As is visible in Figure 5, the proposed method matches the VOODOO tracker whether it starts from disparity maps estimated by Kim et al., or disparity maps estimated by our earlier method [16].
Clearly, the case of known disparity maps is an atypical case and we need to evaluate the method when it uses estimated disparity maps as well. For our own test scenarios (see Figure 6), no high-quality disparity maps are available. Therefore, we first perform the disparity estimation on one pair of images, and then use this estimate of the disparity for the location estimation. We regress VOODOO’s locations estimates to a single line and project all camera locations on that line to arrive at a set of linear locations estimates for the cameras. In Figure 7, it is visible that here, too, our proposed method fares better than the VOODOO tracker.

3.3. Estimation in a Practical Setting

In order to test the proposed approach in a practical set-up, we have used a rail-mounted camera (propelled manually) to capture a static scene. The camera’s motion is linear and perpendicular to its look direction, such that the prerequisites of the method are fulfilled. Consider an example input frame and its two-view depth estimate from stereomatching as given in Figure 8. This is the input depth map that was used to estimate the locations of the cameras and rectify the epipolar plane images as given in Figure 9 (i.e., resample them by simulating uniformly distributed camera positions). It is illustrated that, while the entire left portion of the image suffers from a poor disparity estimate, the correct right half still results in correctly estimated camera locations. Additionally, the monotonicity constraints force the location estimates to enter the neighbourhood of the local minima. We note that, while the disparity estimate appears completely off, it was estimated using the method on which our location estimation is based [16]. That is to say, the areas where the estimate is off are those where stereomatching itself is ill-defined (i.e., occlusions or homogeneous areas).
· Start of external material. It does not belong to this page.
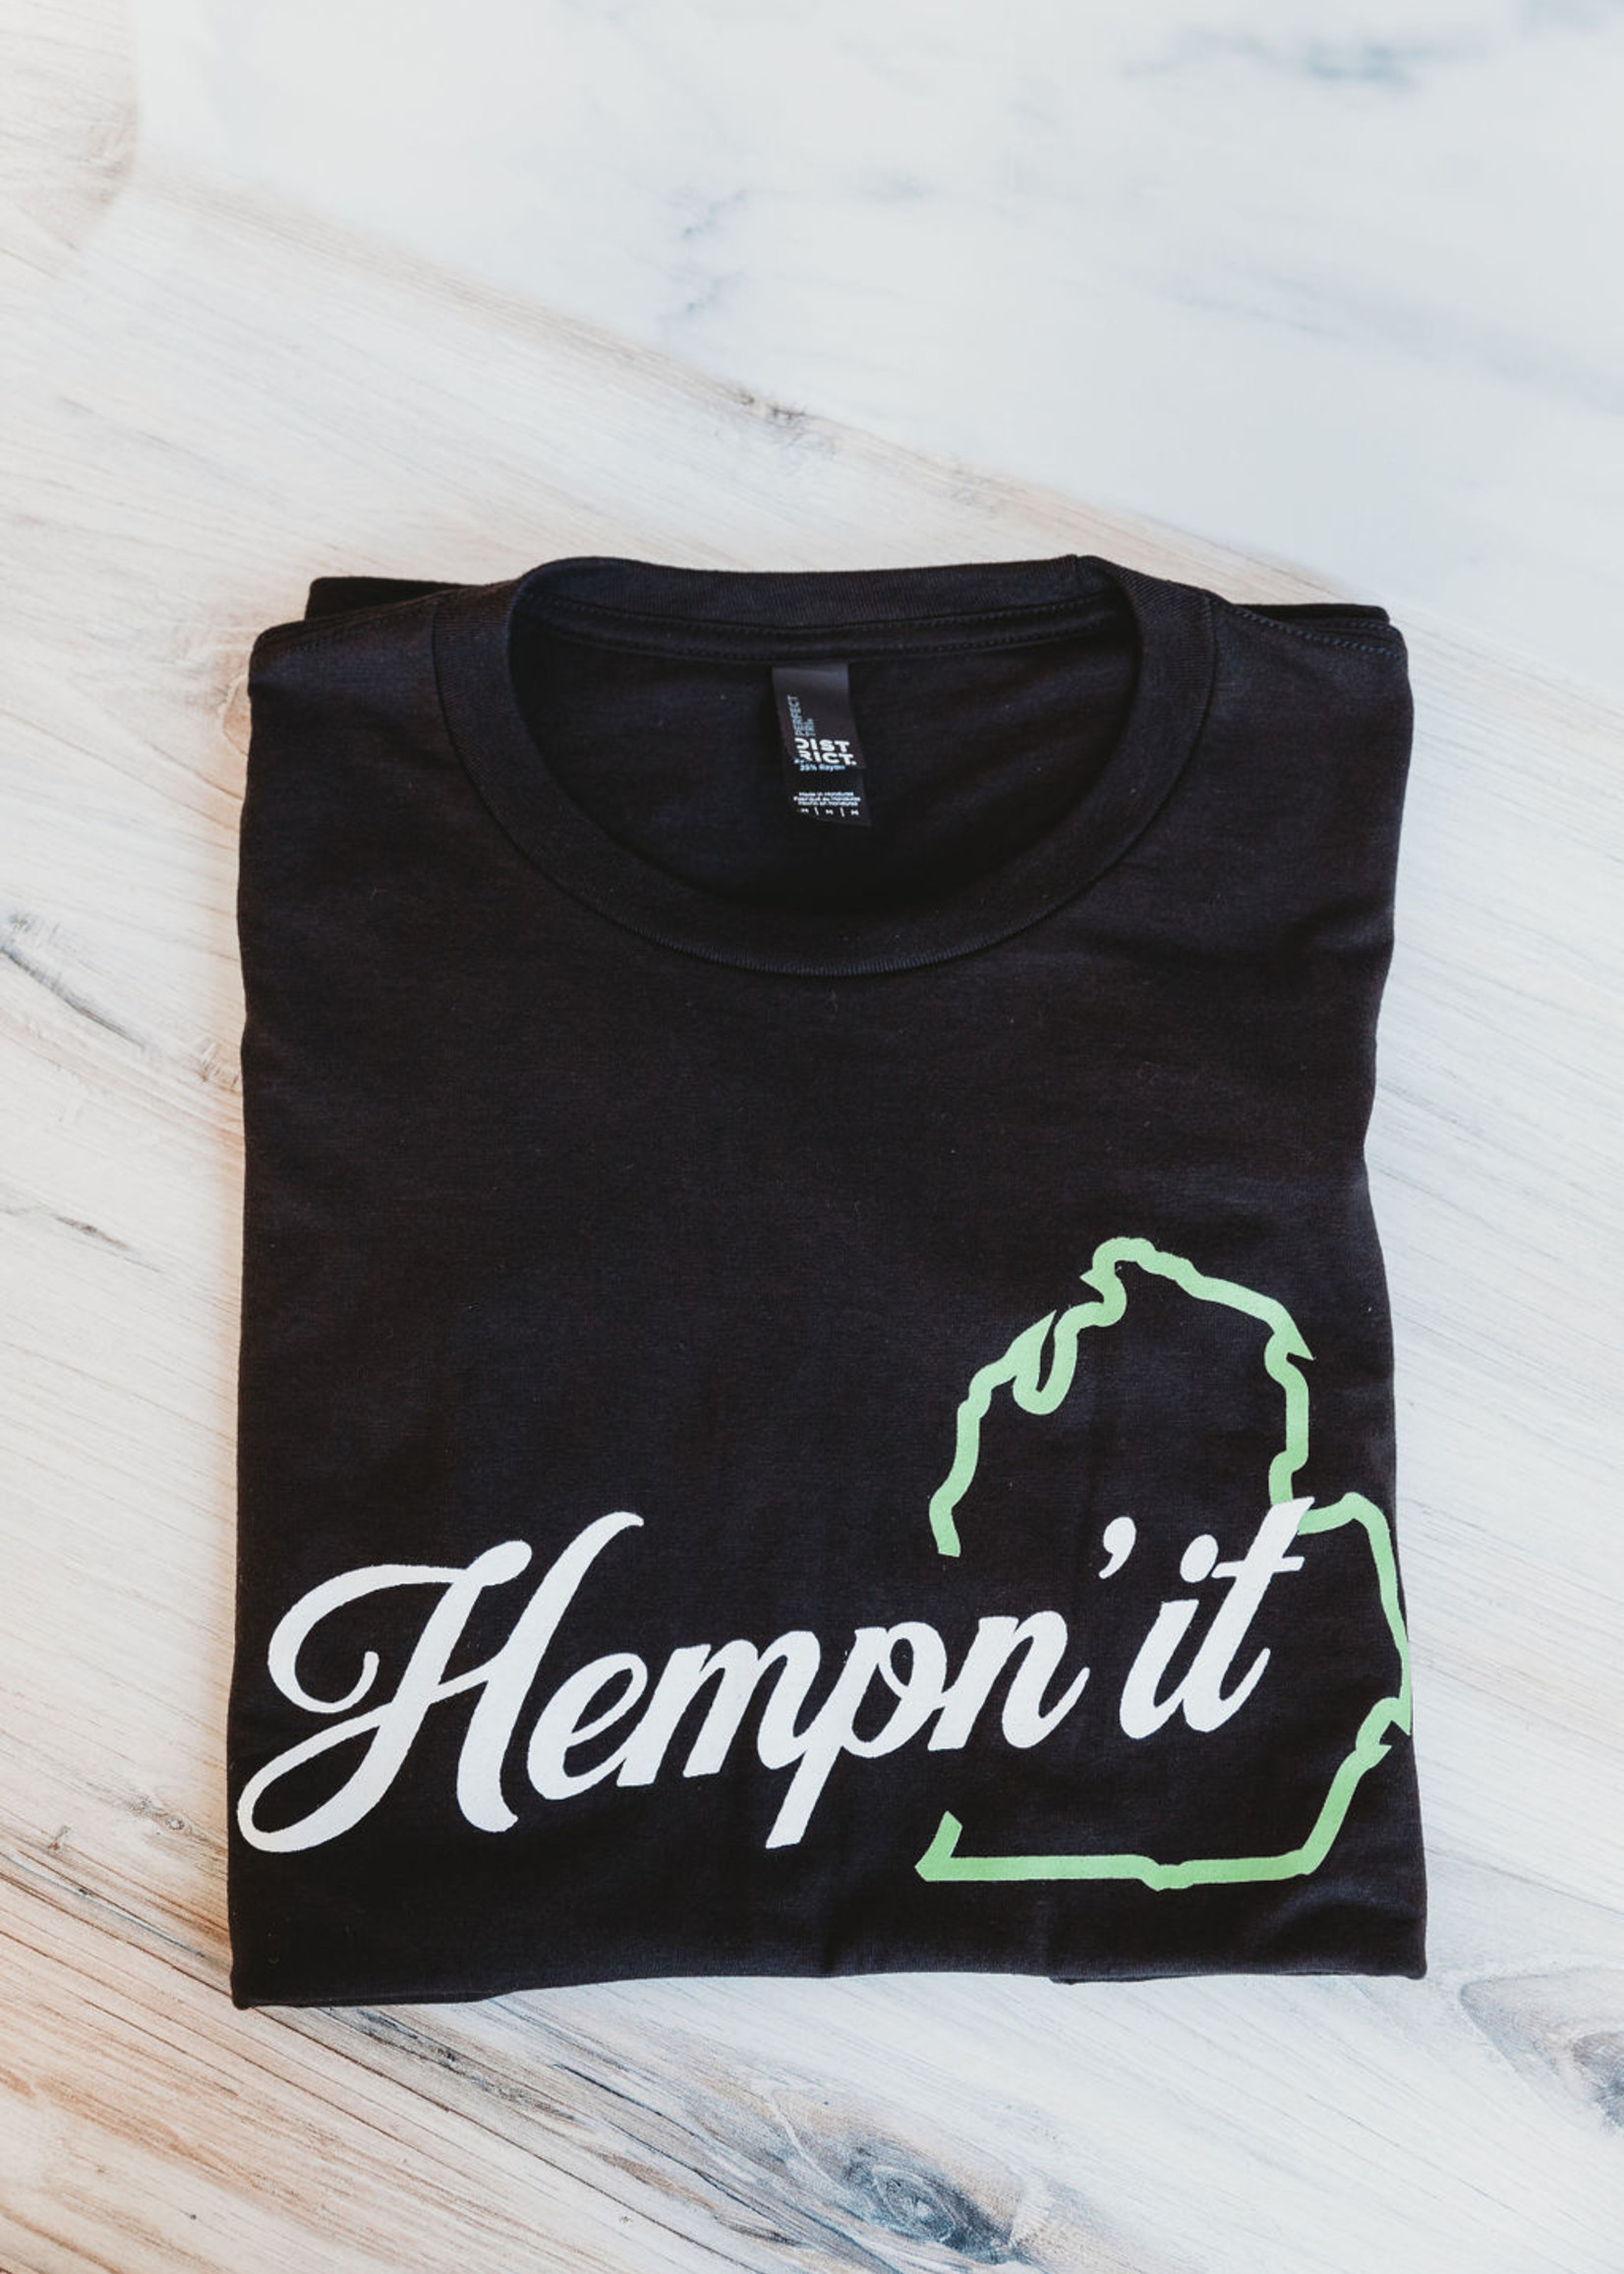 BC Hemp Co. Hempn'it T-shirt

In essence, this means that, for that area, it is hard to discriminate between various depth estimates and, by extension, those areas will hold little sway over the camera position estimation. Hence, our approach is robust to such errors in the input map.
We also show the impact of a correct location estimation. Figure 10a shows the estimated disparity for the manually recorded sequence, using all input views. The left image shows the estimated disparity field based on a faulty location hypothesis: uniform camera speed. The right image shows the disparity estimate when using our proposed approach to estimate the camera locations.
One can see that the estimation exploiting multiple views (with the correct camera locations) is able to avoid the issues in the left half of the input frame that were present in the two-view scenario in Figure 8. Moreover, one can also see that Figure 10a contains errors that are not present in Figure 10b, e.g., the depth of the elephant, or near the edges of the statue. Correct estimation of the camera positions is paramount for the depth estimation.
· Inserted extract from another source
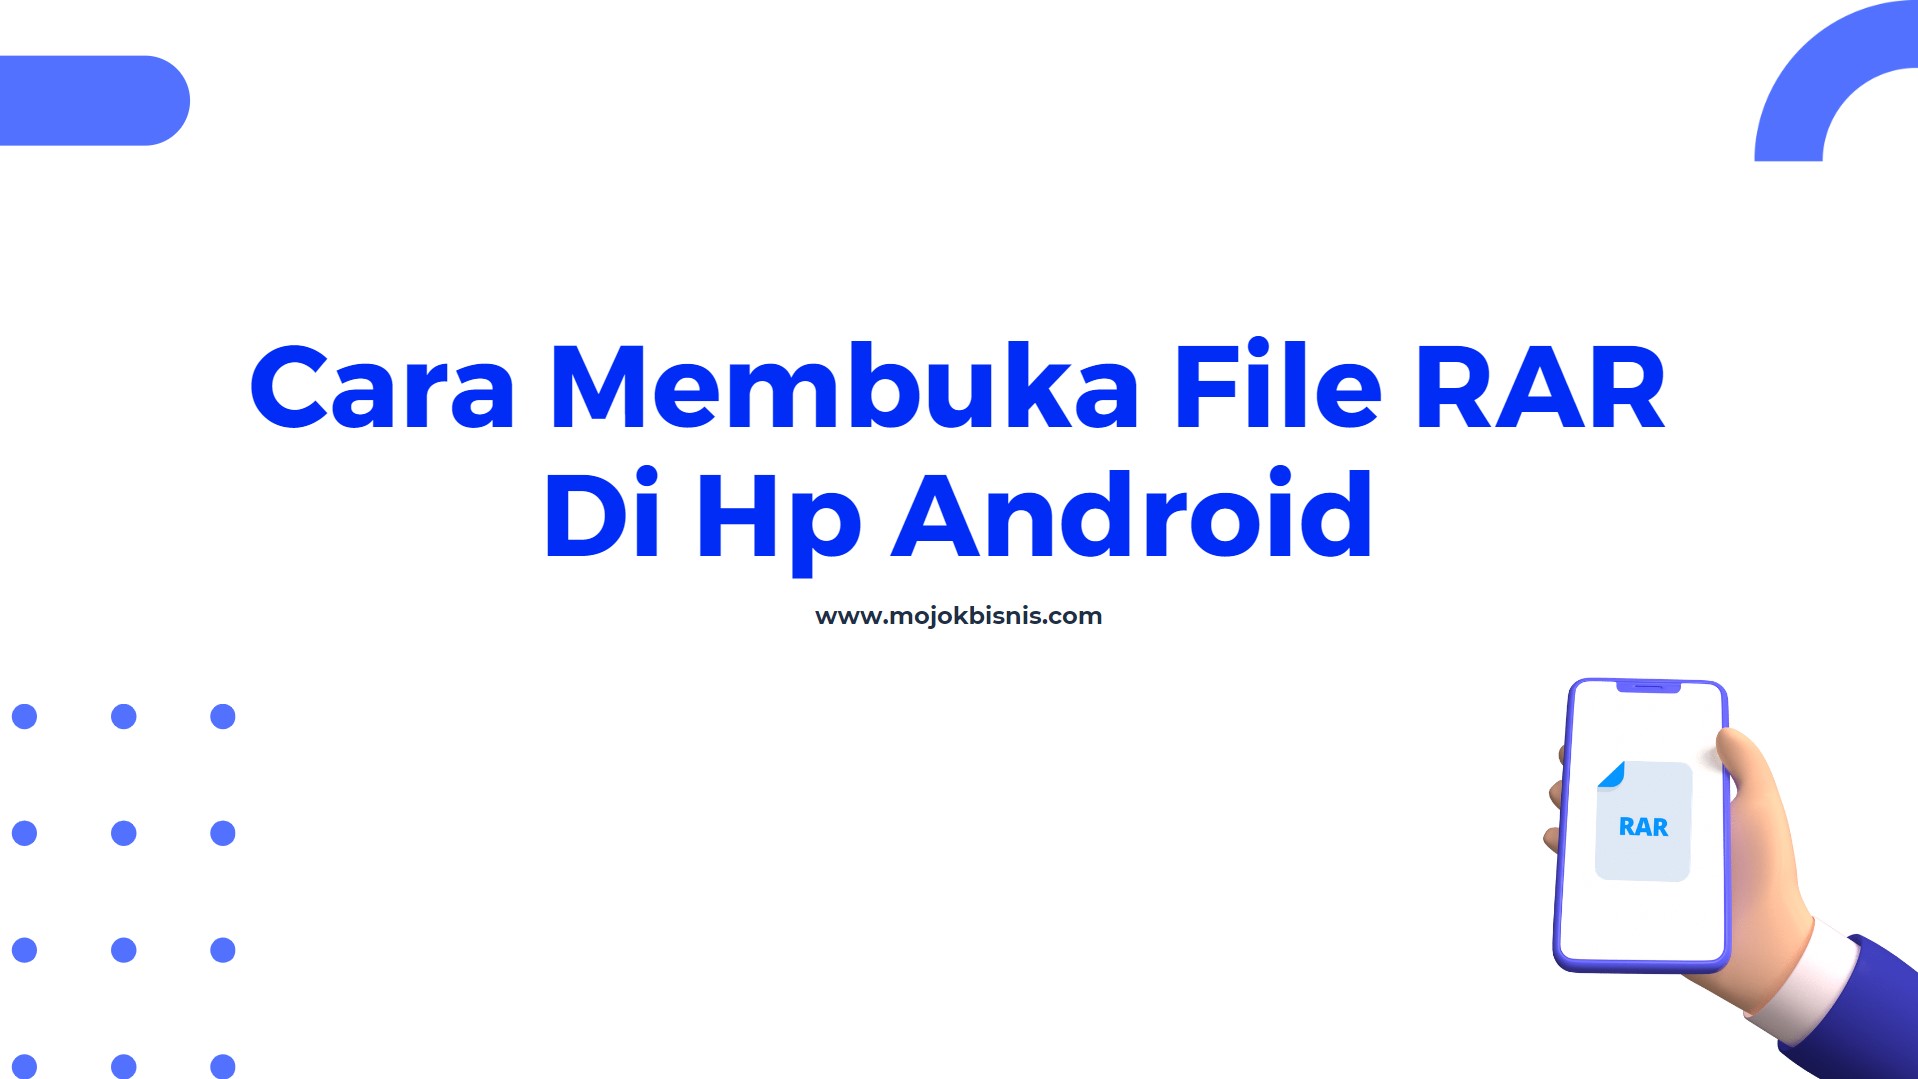 Cara Membuka File RAR Di Hp Android

3.4. Rectifying the Epipolar Plane Images

Figure 9 shows the images before and after rectification. Rectification consists of the vertical resampling of the epipolar plane image, given the estimated camera locations, which are used as the actual row locations—we resample to uniform row locations: a perfectly rectified epipolar plane image contains only straight lines and constant areas. In effect, we linearily resample to virtual camera locations uniformly over the camera movement line (between both extreme camera positions). These rectified versions can be used by methods that assume uniform camera movement, such as the estimation of the slopes of the lines by [15].

4. Conclusions

In this paper, we propose a novel technique to estimate camera locations in a multi-view stereomatching set-up. The technique is based on the optical flow formulation of the stereomatching problem, which allows us to express the location estimation as the minimization of a second-order polynomial. After experimental motivation that local minima can be an issue in this optimization problem, we introduce monotonicity constraints to mitigate them.
Estimation of the camera locations is done using a primal-dual approach based on the theory of Lagrangian duality. We perform estimation in a coarse-to-fine manner in order to only have the cost of the expensive primal-dual optimization in the lower resolutions. In higher resolutions, we can assume that we are already in the vicinity of the global optimum, and we do not require monotonicity constraints. The proposed method uses an input disparity estimate for the scene, but it is motivated and illustrated to be robust against poor input disparity estimates because of the shared optical flow formulation: ambiguous areas for stereomatching are also ambiguous for the camera position estimation, and hence influence the final estimate only a very little amount. Finally, we illustrate the impact and importance of the accuracy of the camera location estimates, by performing disparity estimation on a manually recorded scene, both with poor camera location guesses and with the estimated camera locations. Quantitatively, the methods delivers results that match and improve those from existing sparse feature-based trackers.

Acknowledgments

The research in this work was performed under a PhD grant from Ghent University: BOF (Belgisch Onderzoeksfonds, Belgian Research Fund) Grant No. 01D21213.

Author Contributions

Simon Donné conceived, designed and performed the experiments; Bart Goossens contributed the analysis tools in the form of the Quasar language. Both Bart Goossens and Wilfried Philips have given input on the involved optimization techniques for both the camera location estimation and the stereomatching itself. Simon Donné wrote the manuscript, with extensive editing by Bart Goossens and Wilfried Philips.

Conflicts of Interest

The authors declare no conflict of interest.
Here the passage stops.